Tuesday, August 18, 2015

How do I get my team to start unit testing

A team lead recently asked me(this genuinely happened, this isn't just a rhetorical tick), "How do I get my team to start unit testing?". Which sounds like a great title for a blog post...

In my opinion task of getting a team to write unit tests is really the task of getting a programmer to believe it is in their best interests to write unit tests. There are plenty of tools such as sonar qube to give technical feedback on unit coverage, but without a team buying in they won't achieve much. It is very easy and of little benefit to do unit testing badly. So like a good salesman you need to sell them on why they will benefit from taking the extra time to unit test there already perfectly acceptable code(as they see it(if they don't believe the code they are currently writing is acceptable then there are other problems)).

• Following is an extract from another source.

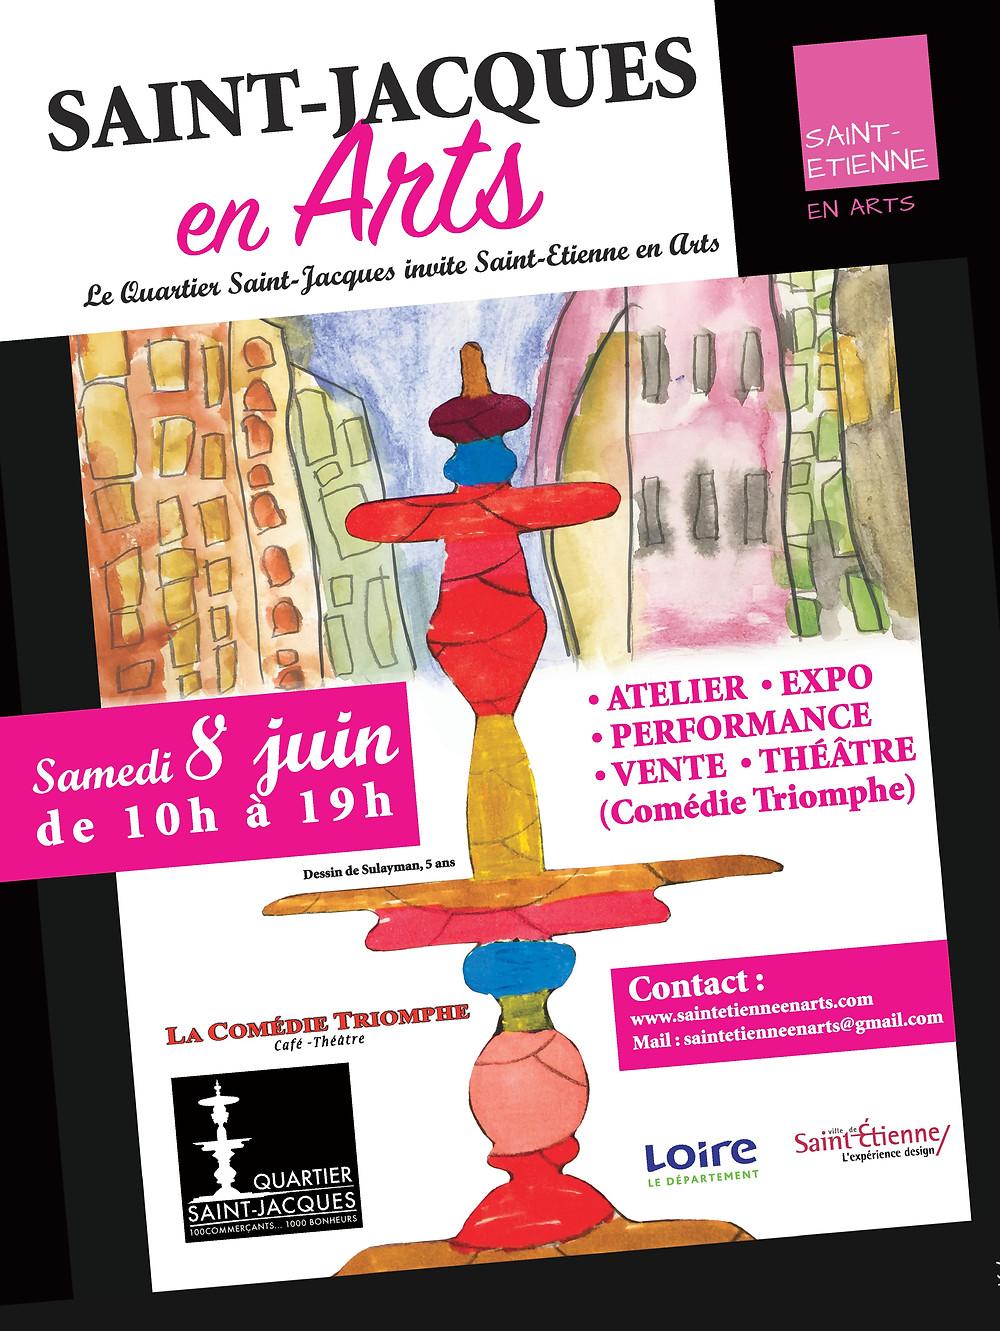 Saint-Jacques en Arts - Saint-Etienne

There are many reasons a person should unit test. Some reasons are noble and good, to do with doing the best job you can, for your company and your fellow professional. But that doesn't work for everyone, so for those less nobly inclined there are also selfish reasons that are still valid.

The noble reasons:

  • Next level success: 1st level success, someone reports a bug, you fix it. Next level success, someone reports a bug, you fix it and you write tests that means no one in the future can reintroduce this bug. Unit testing allows you to future proof your code.
  • Quick feedback: One of the biggest factors in your ability to improve in any activity is your feedback loop. If you want to get good at chess, if you are playing against a good player they can tell you, "that move was bad" immediately after you make a bad move. Otherwise you may have to play the rest of the game and then lose a number of similar games before you work out it was that particular type of move that was the mistake. Unit testing allows you to get much quicker feedback. When you make a change to an application, you don't have to run it, set up the scenario by hand, then check for correct behavior for multiple different behavior. With unit testing you can get the feedback across multiple scenarios across the application in sub 10 seconds.
  • Encourages good design: There have been loads of articles written by better writers than me on this subject. Good application design goes hand in hand with designing for unit testing. Separation of concerns, single responsibility principle, dependency injection, etc.

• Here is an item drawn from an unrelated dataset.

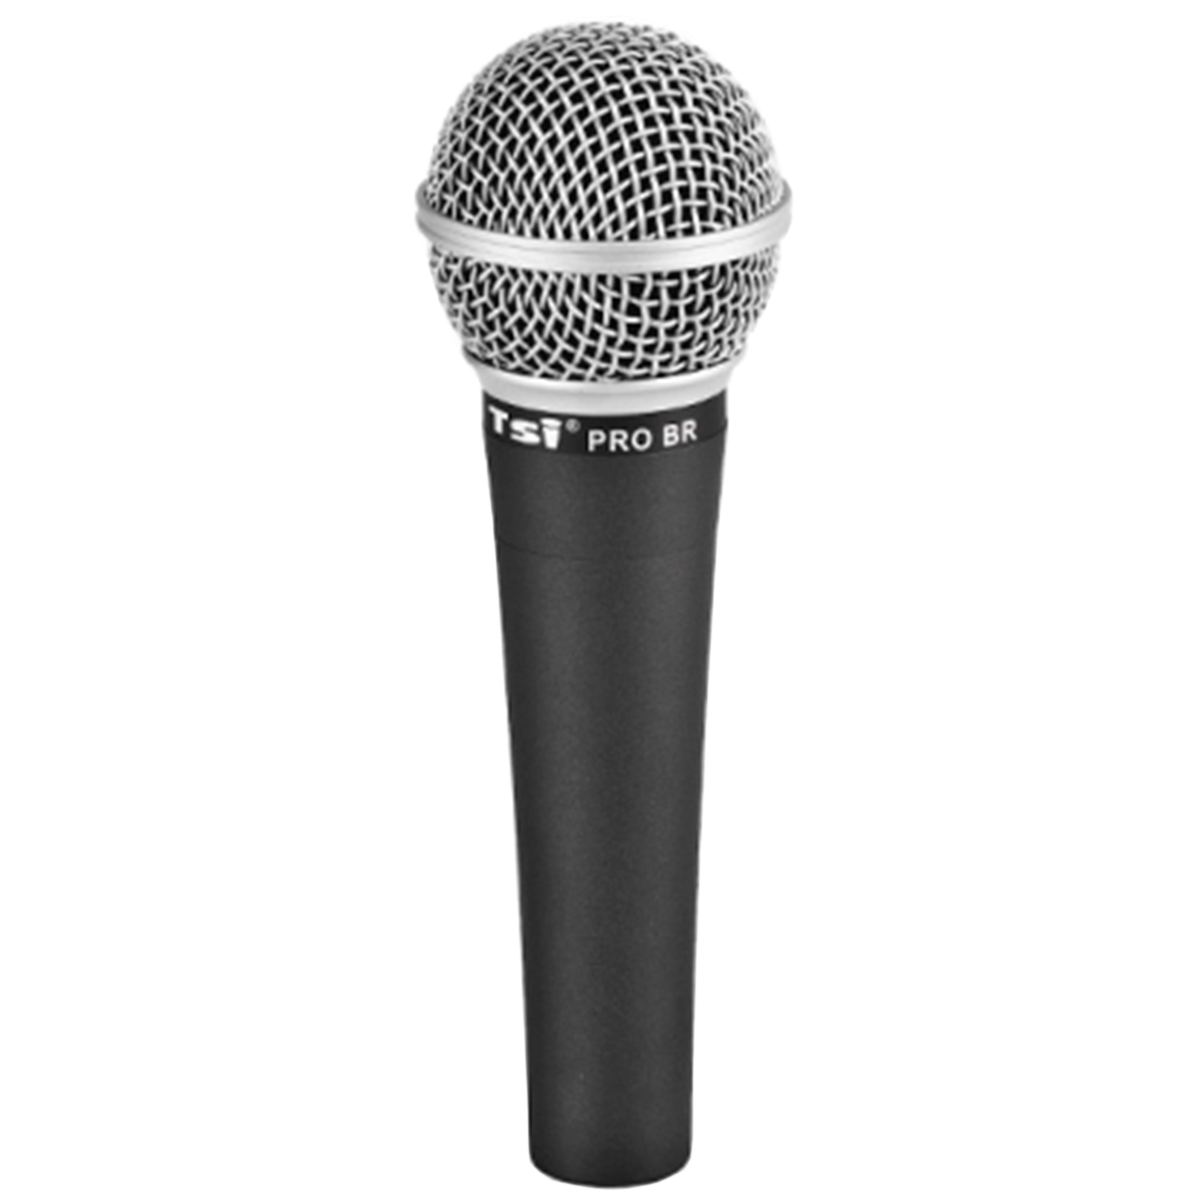 PROBR - Microfone c/ Fio de M�o PRO BR - TSI

The less than noble reasons:

  • Plausible deniability: If something goes wrong any where near their code they can point to the unit tests and say "well I know my code works, it must be someone else's problem". This has happened to me, I was asked to write some code that displayed the number of business days old a certain item was. When it started displaying -1 days old in prod. I could take there inputs put them in to my unit test and show that my code was correct(The problem turned out to be we were being sent items from the future due to incorrect date conversion further upstream).
  • Your future employ-ability: Now a days unit testing is so widespread, you will be asked a question about unit testing in most interviews. You may not care so much about how you do in this job, but don't you want to be applying best practice so you can get that shiny new future job.
  • Holding on to requirements: User A asks for a feature to work in a particular way. You make the change and put it into prod, then User B comes to you to complain, he asked for the feature to be in that particular way and now it doesn't work for him. Unit tests can remove a lot of these kind of problems because you can mark the unit test with who requested the functionality on the test. Unit tests are a great way to capture requirements permanently and raise these kinds of conflicting requests earlier.

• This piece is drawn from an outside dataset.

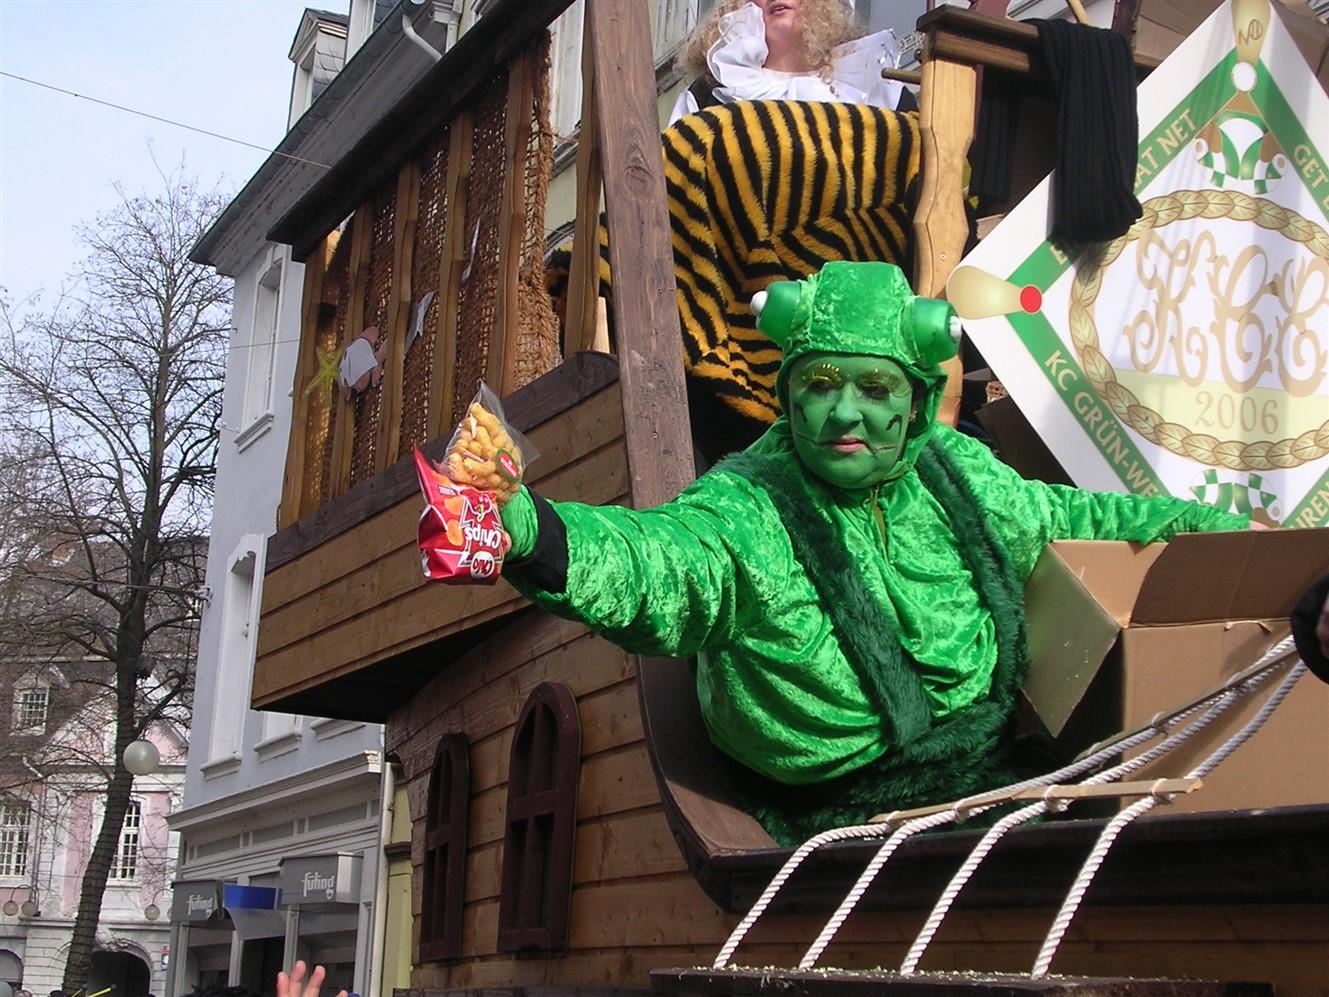 2006 02 27 Trier Germany Rosenmontagszug 78.jpg

So now the team are fully behind the plan and raring to go. Well probably not immediately, in teams I've been involved with it takes a good few months of pushing these points and including making sure that unit test percentages are reviewed, committed code is reviewed and unit tests are always required as a part of it. People need to see the benefit from doing increased testing and this may take time and energy. But over time it will happen if you're persistent.